Good point on the belt being cold making it particularly vulnerable in stuck-clutch-plate situation. I amended my comment to add the word "cold" to "That abrupt driveline shock is very hard on the entire driveline including a cold belt".
I agree that any and all snappy/abrupt increase in load is hard on belts and the examples you gave are good ones. (Though I'm really interested to hear in what terrain and riding style has you sitting still, redlining the bike, and dumping the clutch all day long).
I submit that hitting stumps, some clutch-dumps when getting unstuck, and occasionally not correctly timing the landing of jumps/drops to be "throttle off" are all contributing belt stressors, but those occur as part of a days riding. Shocking a cold belt and drivetrain, due to a stuck clutch plate is avoidable, so...avoid it.

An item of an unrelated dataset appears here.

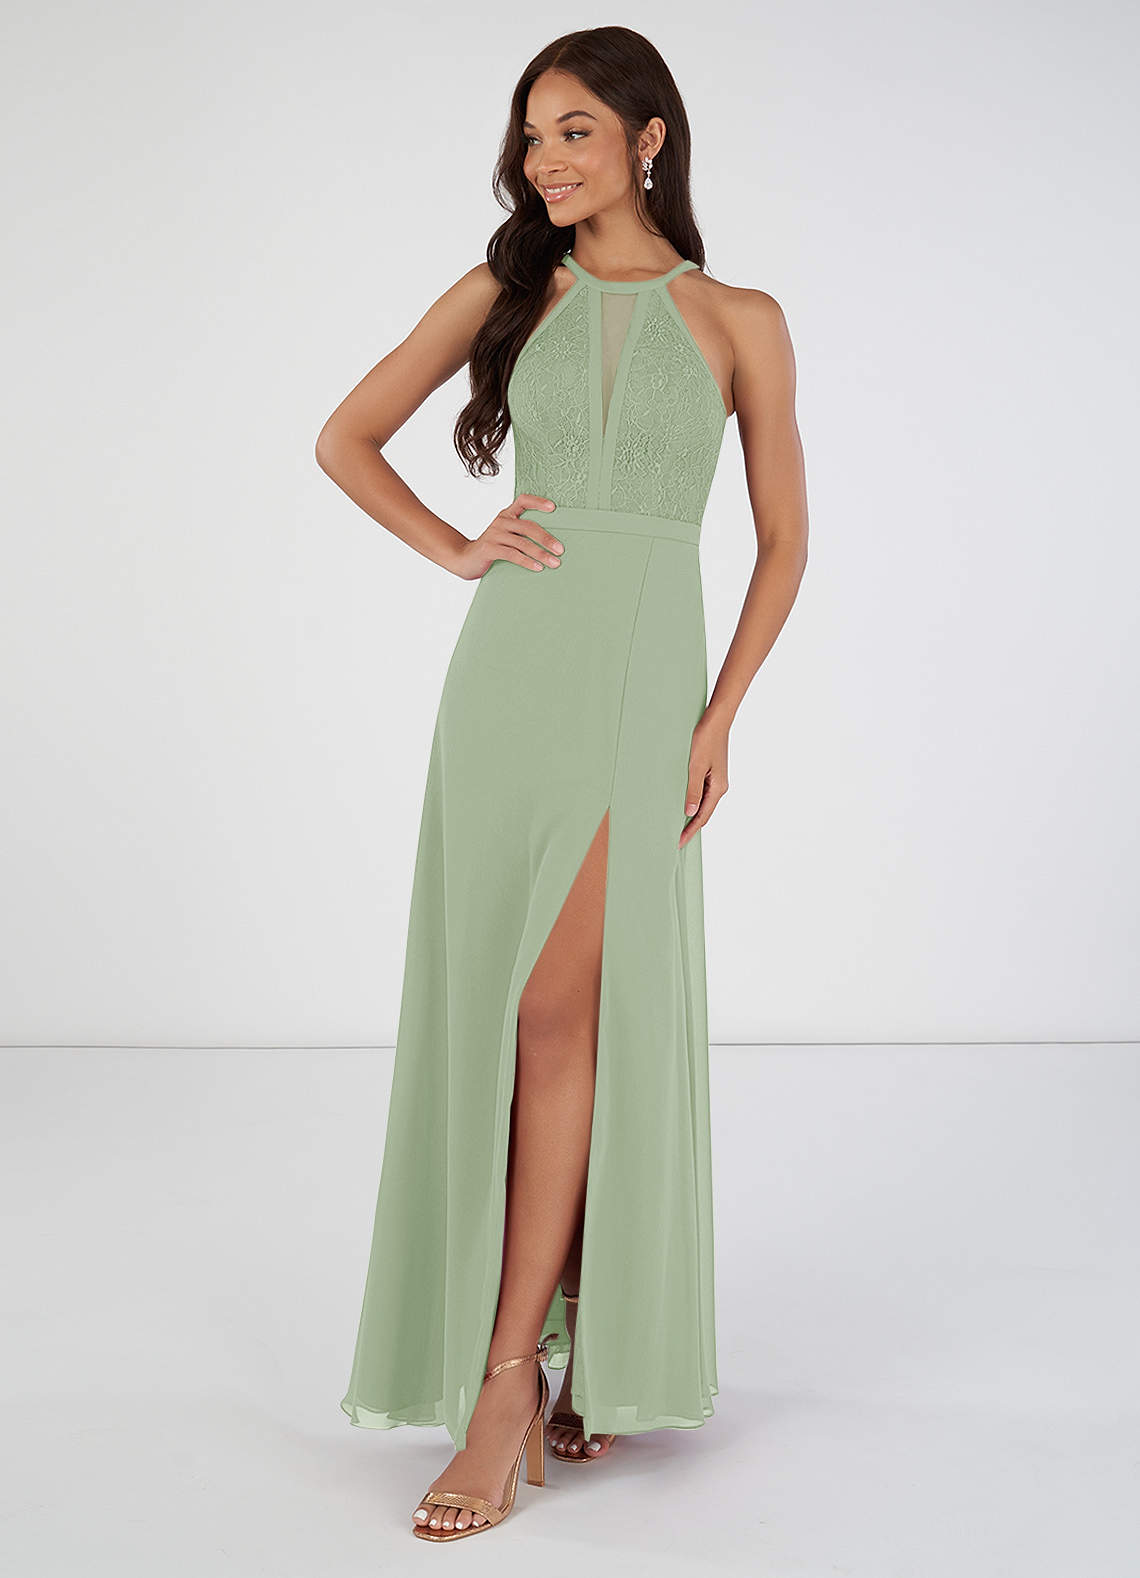 Azazie Rona Bridesmaid Dresses A-Line Lace Chiffon Floor-Length Dress image1

Ha. No reason to abuse it, even a bit, when it's easy to avoid.
Belts are very strong when under heavy load, but are not good at very abruptly going from slack to taught, particularly when cold as you mention. Abrupt loading events can snap belts, or can cumulatively stress them to the point they fail later, with much less force than their load strength indicates. Think of how hard it is to break a piece of monofilament fishing line when you slowly tension it vs giving it slack and then abruptly yanking it, which easily snaps it with a fraction of the "lb test' strength simply by decreasing the duration of the loading event. Spreading the loading event out over a few extra fractions of a second makes a huge difference, too. Dumping the clutch on a warmed up bike with warm oil and warm clutch plates seems immediate to us, but the amount of time the loading event takes place is not easily perceived.

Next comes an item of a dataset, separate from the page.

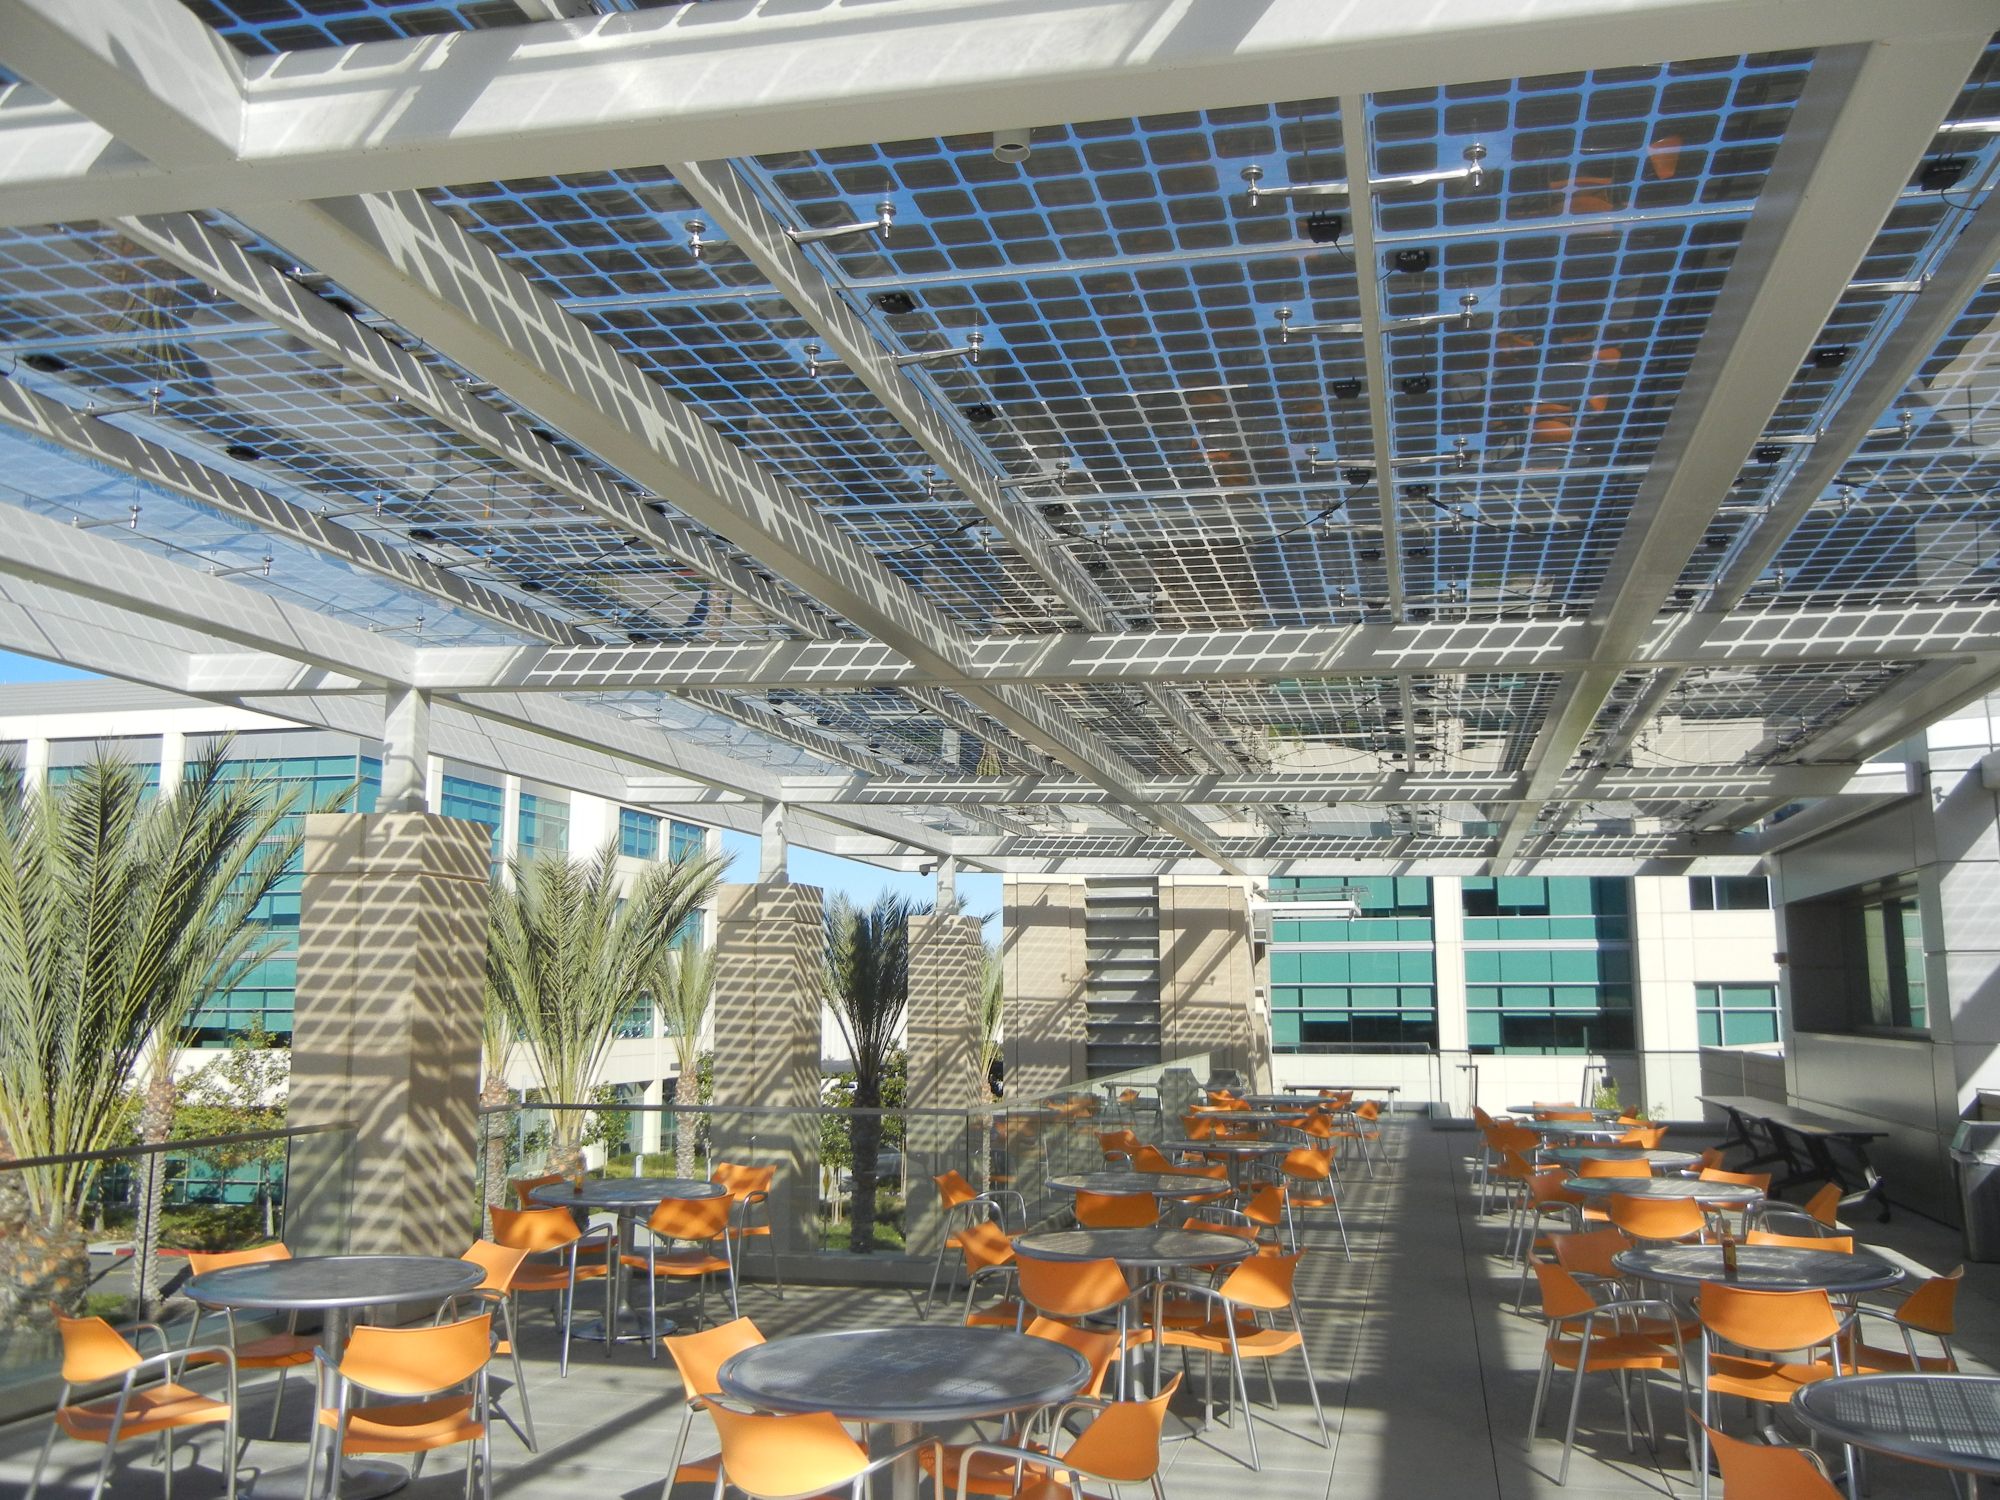 Panel solar transparente para agricultura invernaderos

It would be interesting to test and see data on how long the shock event/ belt loading takes in different situations; dumping the clutch on a warmed up bike when getting unstuck, clicking cold bike into gear with stuck clutch plates, hitting a stump/rock that abruptly slows track speed, landing jumps while still on the throttle into powder, same on-throttle landing onto high-traction snow, same landing but off-throttle, etc. And also testing shock strength vs load strength for both cold belts and warmed up belts. And if belt and drivetrain position makes a difference in the load event duration (meaning, the position of the belt/pulleys/sprocket/chain/drivers etc. after rolling a snowbike backwards out of a trailer vs after the bike had been driven forward first and then stopping which positions the tensions differently and would impact the load event).
Not going to have access to such data anytime soon, so can't come to a conclusion, but the point is, the duration of the loading event is a huge factor with belts and it would be interesting to see the impact of that as I suspect that matters even more than the work involved.
Anyway, I wasn't saying that stuck clutch plates were going to constantly snap peoples belts; only that it was an unnecessary, additional (read: cumulative) stress on the transmission and belt so avoid doing it.